In Südafrika ist die Gewalt gegen Kinder und Frauen allgegenwärtig, nicht nur in den Townships. Man schätzt, dass jede dritte Frau vergewaltigt wurde, noch bevor sie das 18. Lebensjahr erreicht. Rund 2.500 Frauen im Jahr werden ermordet: erschlagen, erwürgt, erschossen. Das milde Urteil im Fall Pistorius wird nicht nur nach Befürchtungen südafrikanischer Feministinnen die Hemmschwelle in Sachen Gewalt gegen Frauen noch senken.

Der Fall des afrikanischen Läufers erinnert frappant an den Fall eines deutschen Boxers: Bubi Scholz, auch er zu seiner Zeit berühmt, wenn auch nicht mehr im Ring.

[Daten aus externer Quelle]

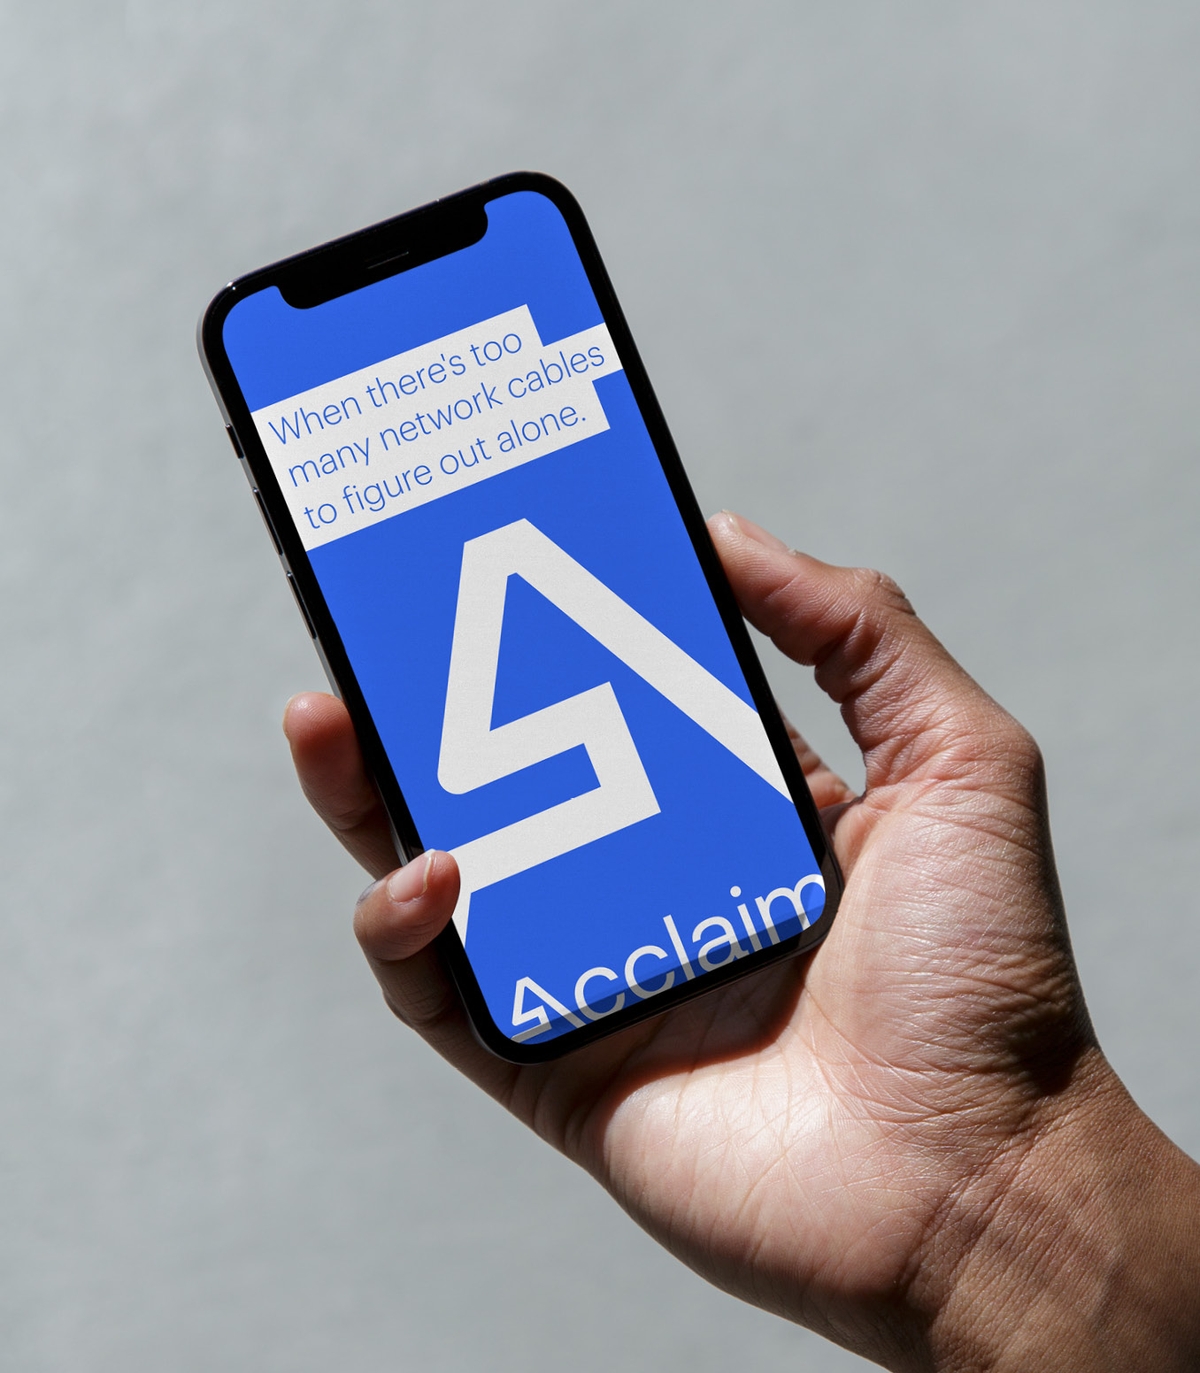 AccliamIT - Brand and Website - IT Solutions Mobile UX Design Mockup | Atollon - a design company

Scholz hatte vor genau 30 Jahren seine Frau erschossen, ebenfalls durch die Badezimmertür. Und obwohl er sogar die Silhouette seiner vor ihm und dem Jagdgewehr flüchtenden Frau durch die Glastür des Bades hatte sehen können, bekam er nur drei Jahre und war sehr bald wieder frei.

So ein Frauen-
leben ist eben
nicht viel wert.

Das Herz der Nation schlug damals nicht etwa auf der Seite des Opfers, sondern auf der des Täters. Der arbeitslose Bubi sei von seiner tüchtigen Frau (die eine Drogerie auf dem Ku’damm führte) ja regelrecht abhängig gewesen, klagte der unnachahmliche Gerhard Mauz im Spiegel und die Saarbrücker Zeitung seufzte: „Vor Gericht macht Bubi eher den Eindruck eines Opfers denn eines Täters.“

Zwei Jahre nach den tödlichen Schüssen auf seine Frau konnte Bubi Scholz das Gefängnis verlassen. Abgeholt wurde „der Boxer mit dem gebrochenen Herzen“ im weißen Mercedes von seiner Freundin, die er seit fünf Jahren hatte. Und sodann kassierte er noch obendrein die 650.000 DM Lebensversicherung seiner Frau. Denn es war ja weder „Mord“ noch „Totschlag“, sondern nur „fahrlässige Tötung“.

Ganz wie im Fall Pistorius.

So ein Frauenleben ist eben nicht viel wert. Vor allem dann nicht, wenn der arme Mann so „leicht erregbar“ ist, wie Pistorius.